The SURVEYPHREG Procedure

Overview: SURVEYPHREG Procedure

The SURVEYPHREG procedure performs regression analysis based on the Cox proportional hazards model for sample survey data. Cox’s semiparametric model is widely used in the analysis of survival data to estimate hazard rates when adequate explanatory variables are available. The procedure provides design-based variance estimates, confidence intervals, and hypothesis tests concerning the parameters and model effects. See Chapter 3: Introduction to Statistical Modeling with SAS/STAT Software, and Chapter 14: Introduction to Survey Sampling and Analysis Procedures, for an introduction to the basic concepts of survey data analysis; see Chapter 13: Introduction to Survival Analysis Procedures, for an introduction to the basic concepts of survival analysis.

The survival time of each member of a finite population is assumed to follow its own hazard function, $\lambda _{i}(t)$, expressed as

\[  \lambda _{i}(t)=\lambda (t;{\bZ }_{i}(t)) = {\lambda _0}(t) \  \exp ({\bZ }’_{i}(t)\bbeta )  \]

where $\lambda _{0}(t)$ is an arbitrary and unspecified baseline hazard function, ${\bZ }_ i(t)$ is the vector of explanatory variables for the ith population unit at time t, and $\bbeta $ is the vector of unknown regression parameters.

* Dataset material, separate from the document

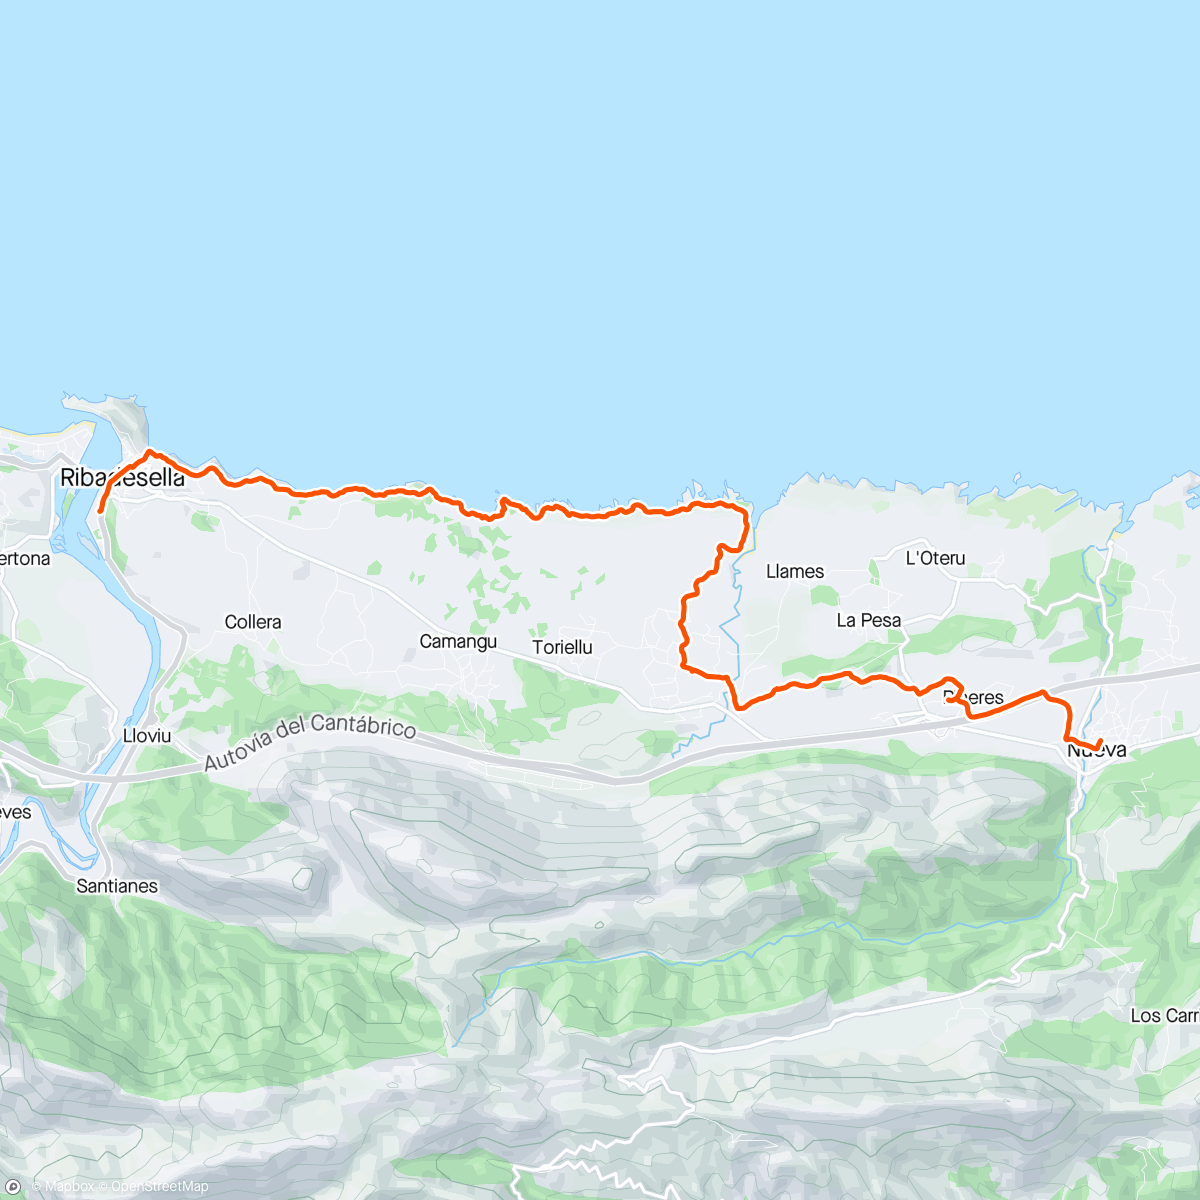 「Nueva - Ribidesella」活動的地圖

The finite population regression parameter $\bbeta _ N$ is defined as the maximizer of the partial log likelihood when the entire finite population is observed. The SURVEYPHREG procedure produces a sample-based estimate $\hat\bbeta $ of the proportional hazards regression parameters $\bbeta _ N$ for the finite population by maximizing the partial pseudo-log-likelihood $l_\pi (\bbeta ;{\bZ }_ i(t),t_ i)$ based on observed covariates ${\bZ }_ i(t)$ and observed survival time $t_ i$. The procedure also produces an estimate of the sampling variance ${\text {V} (\hat\bbeta | \mathcal{F}_ N) }$, which assumes that the values of the finite population $\mathcal{F}_ N$ are fixed. For statistical inference, PROC SURVEYPHREG incorporates complex survey sample designs, including designs with stratification, clustering, and unequal weighting.

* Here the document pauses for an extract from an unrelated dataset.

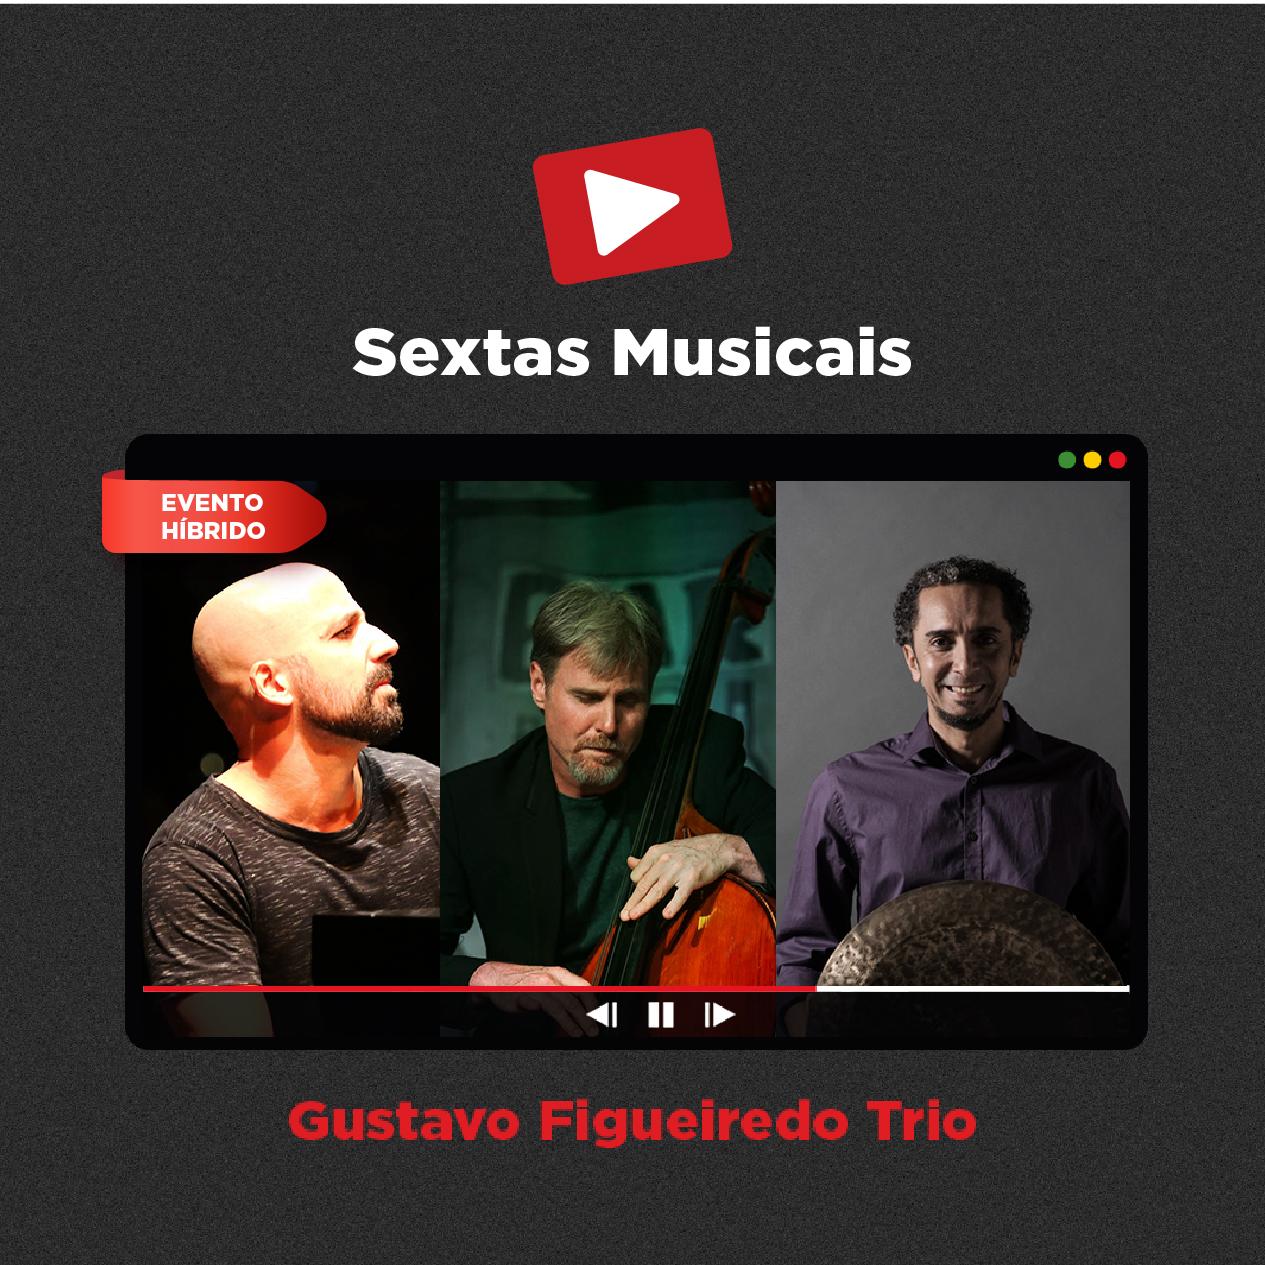 Sextas Musicais - Live Streaming: Gustavo Figueiredo Trio

The procedure also allows time-dependent explanatory variables. An explanatory variable is time-dependent if its value for any given individual can change over time. Time-dependent variables have many useful applications in survival analysis. You can include time-dependent variables such as blood pressure or blood chemistry measures that vary with time during the course of a study. You can also use time-dependent variables to test the validity of the proportional hazards model.

Several optimization techniques are available in SURVEYPHREG to maximize the log likelihood. Hazard ratio estimates can also be obtained along with parameter estimates. Sampling errors of the regression parameters and hazard ratios are computed by using either the Taylor series (linearization) method or one of the replication (resampling) methods that are based on complex sample designs (Binder, 1983; Wolter, 2007; Särndal, Swensson, and Wretman, 1992; Binder, 1992; Lohr, 2010; Fuller, 2009). These variance estimators essentially assume the finite population as fixed and estimate the variability due to the random sample selection mechanism.

The remaining sections of this chapter contain information about how to use PROC SURVEYPHREG, information about the underlying statistical methodology, and some applications of the procedure. The section Getting Started: SURVEYPHREG Procedure introduces PROC SURVEYPHREG with an example. The section Syntax: SURVEYPHREG Procedure describes the syntax of the procedure. The section Details: SURVEYPHREG Procedure summarizes the statistical techniques employed in PROC SURVEYPHREG. The section Examples: SURVEYPHREG Procedure includes some additional examples of useful applications. Experienced SAS/STAT software users might decide to proceed to the Syntax section, while other users might choose to read both the Getting Started and Examples sections before proceeding to Syntax and Details.